This question is intriguing because of the nature of the thermal cycles. This is the maximum theoretical efficiency of a thermal cycle (Carnot cycle), no ifs, ands, or buts about it.
You can obtain very low temperatures from space, because space is at a low temperature. You'll often hear the Cosmic Microwave Background (CMB) cited for this, but that's overly optimistic. A radiator could theoretically couple to that temperature, but in practice you would have to shield line-of-sight from every star in the sky. Practically, the averaged temperature of CMB + stars is a better lower bound, and you'll never get anywhere near to that.
If a blackbody was exposed to Earth's radiation and space in LEO, but was shielded from the sun, it could get to -30 degrees C. Obviously deep space probes don't have to worry about Earth radiation, and you could thinkably shield from that anyway.
We're left with the conclusion that T_C, in the Carnot limit, can be made very low. That suggests a very real possibility of a thermal cycle between the radiator and "room temperature". An engineer will hem and haw at the mention of this, but you could have a thermal cycle between those two things at 90% efficiency. I think we need to recognize that the answer to the question, as asked, is "yes".
Now, onto the qualifiers. There are a lot of penalties for ever setting up something like this.
- Space stations have to spend money on insulation to begin with, so you would increase that cost (dramatically), in order to avoid heat flow bypassing your radiator.
- What physical mechanism would you make this thermal cycle out of?
- The system would affect the energy balance of the station. It would have to be a part of the heat engineering from the ground up.
The only thing this really tells us is that it's not a serious near-term consideration. There are good reasons that we don't have a experience base for #2, for instance. There's a lot of work going on with recovery of waste heat, but often over small T differentials, but we don't often consider heat rejection at very low temperatures. It would only come into play for heat recovery systems in liquid nitrogen plants, for instance. If memory serves me correctly, I think thermoelectric systems depend on a very high temperature source. Everything is turned on its head when changing the temperature ranges like this. But there might be good options out there. This would be an interesting study area, because we just don't see those super low temperatures on Earth naturally. So it would rarely make sense to use it for heat rejection. Keep in mind, however, that good heat engines are not guaranteed. Thermal plants on Earth can often only produce 30-40% efficiency when the theoretical limit is 70% or so. That's because higher efficiency systems just won't scale up like we need. It's hard to say what efficiencies we could get.

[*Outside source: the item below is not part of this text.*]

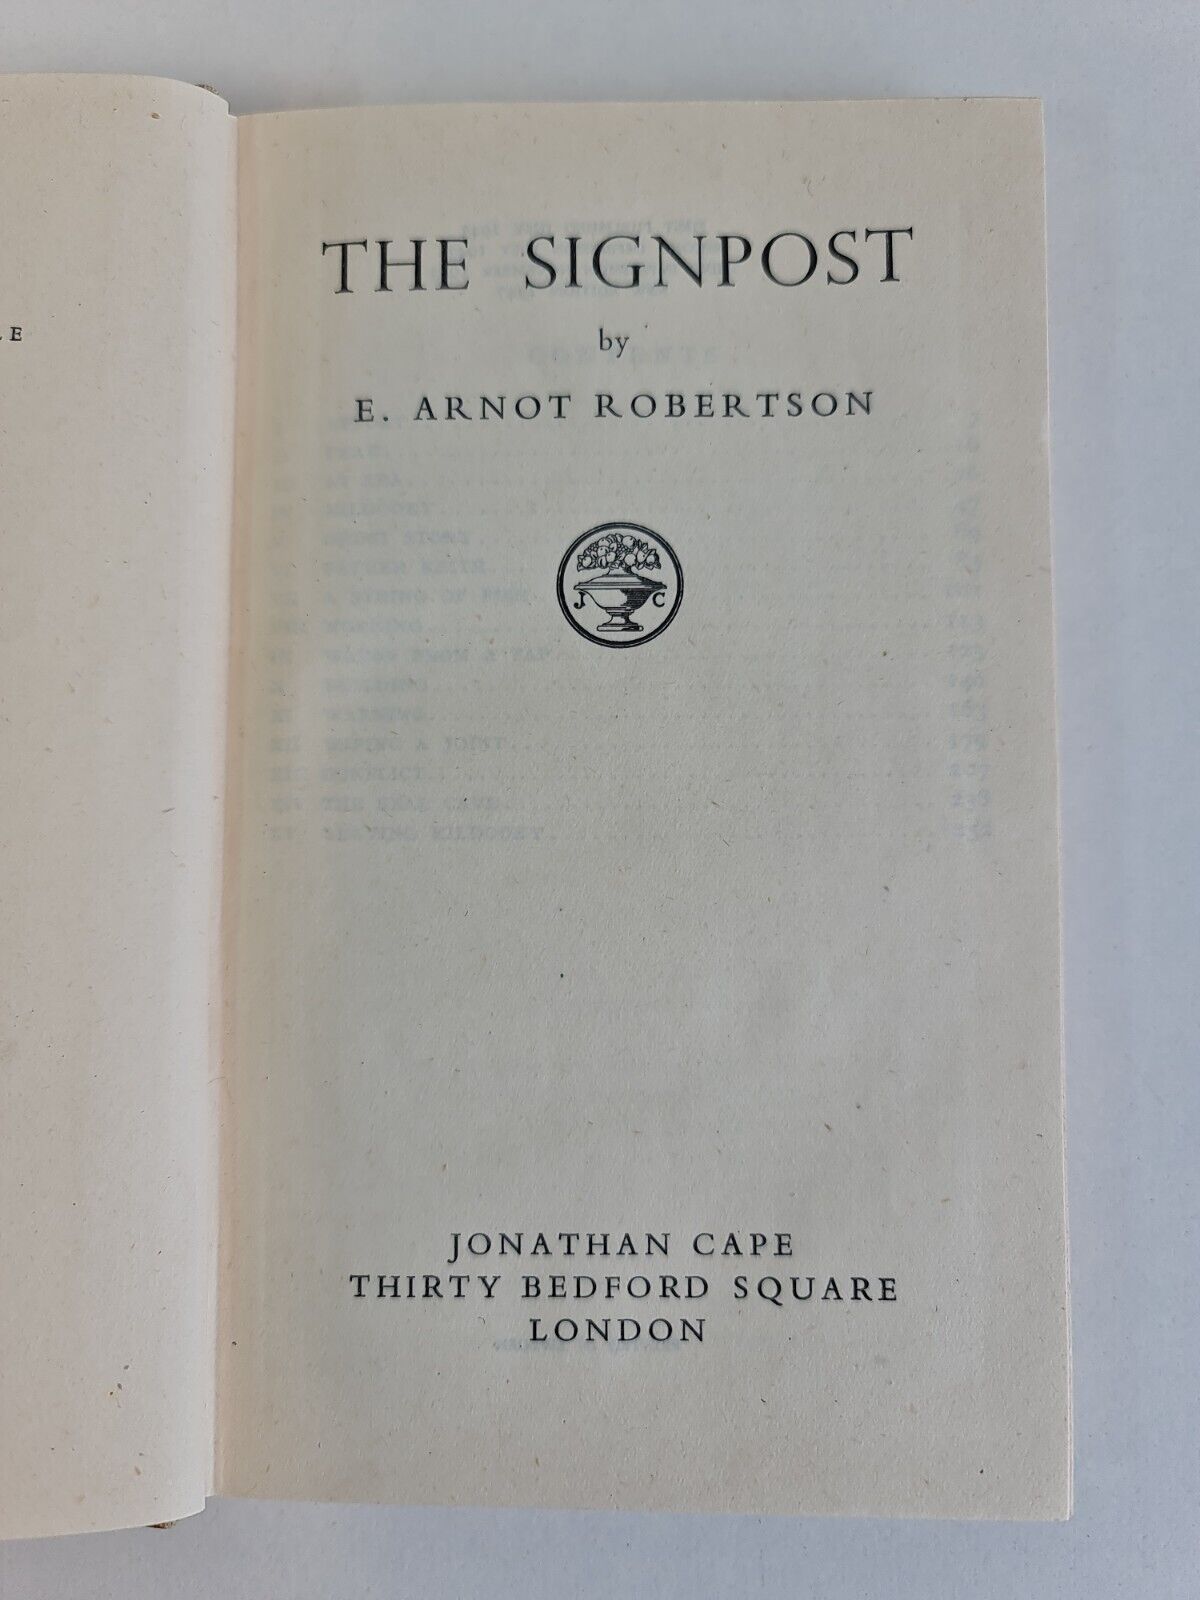 The Signpost by E. Arnot Robertson (1947)

But we wouldn't do it soon because space radiators are extremely large in size, modern designs require lots of mass, and insulation costs money too. The physical limit is area, from thermal radiation laws, but these are often made of metal sheets, or other things which are heavy. This is reasonable when you consider they'll have to hold in a fluid at pressure (and leaking is bad). The real limit is robustness for the space environment, ability to go up in a rocket, and the ability to unfurl itself into space. If you could spread out a much lighter sheet, it will cool much faster. But how could you recoup that coldness? And how is it going to hold up? In the distant future, space heat rejection systems have a lot of room to obtain very good performance through large, fragile systems in zero gravity. Same goes for insulation.
The heat balance with the station isn't completely self-defeating. This would only work if used with a station that was virtually perfectly insulated to begin with (long way off), but the "useful work" would be put back into the station. That creates an interesting situation where you get back a lot of the energy you consume. Low temperatures have economic value just as high temperatures do. But you'll have some other heat source (the sun, for instance) anyway, so any proposal for heat cycles coupling from station temperature to space also have to compete with coupling to the higher temperature. The ultimate design for heat movement between reservoirs would have to be considered in a holistic sense. But I could see how the OP's idea would make sense in a station powered by PV panels, for instance.